I felt that Jenny – with her innocence, naiveté and idealism (and that of her two roommates) – could be a fresh character in a literary world sometimes crowded with cynicism. While not everyone would identify with the girls’ belief in “The One,” many would relate to Jenny’s feelings dealing with a long-distance relationship, especially when other appealing men enter her life.

Through Jenny’s story, I wanted to show that even (and maybe, especially) for young people on the threshold of adulthood…

…love is possible and important, and that it’s okay not to want to “do life” alone, and to want to go through life with – and to love – another.

Behind the Scenes:

Lots of things happened while I wrote the book…

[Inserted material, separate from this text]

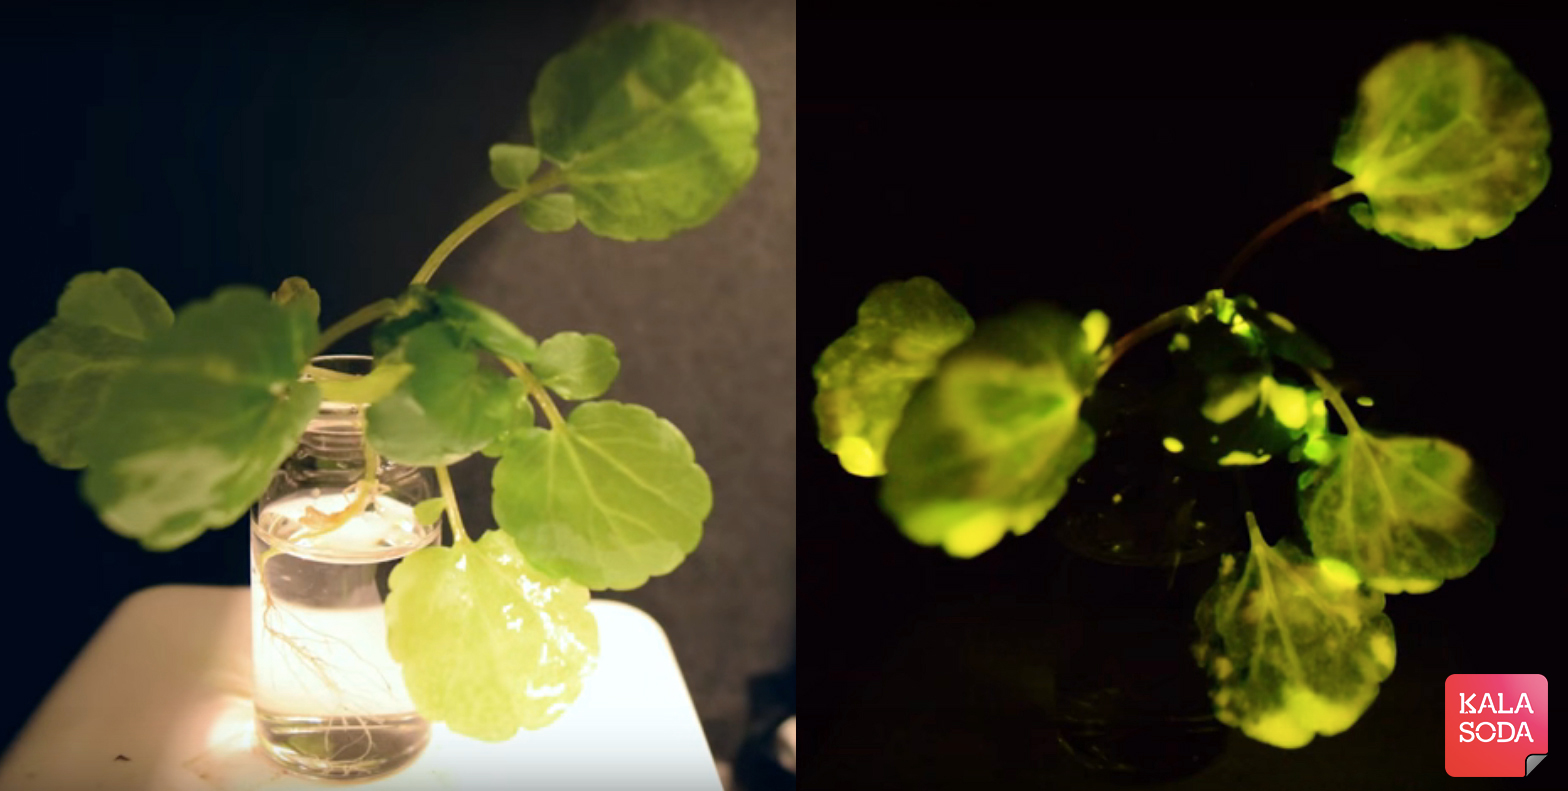 با گیاهان نورانی و هوشمند آشنا شوید|کالاسودا

I got lots of feedback on different drafts of the story from my Writers Critique Group, several beta-readers, and some interested literary agents. I took all their advice to heart and revised the novel many, many times. I connected with one of the readers, who turned out to be the most helpful, through the friend of a friend.

Before I finished the novel, though, I took a break from writing/revising because one of my sons, age 19, was diagnosed with a brain tumor in May 2010. He had two surgeries and 5 weeks of radiation therapy and was able to go back to college as a sophomore that fall. His second surgery was performed at Duke University Hospital by the renowned neurosurgeon Dr. Allan H. Friedman.

My son faced his illness with courage, strength and hope, and cheered me on in my writing. He is now cancer-free and involved with raising funds for cancer research at his university, and he will graduate later this year.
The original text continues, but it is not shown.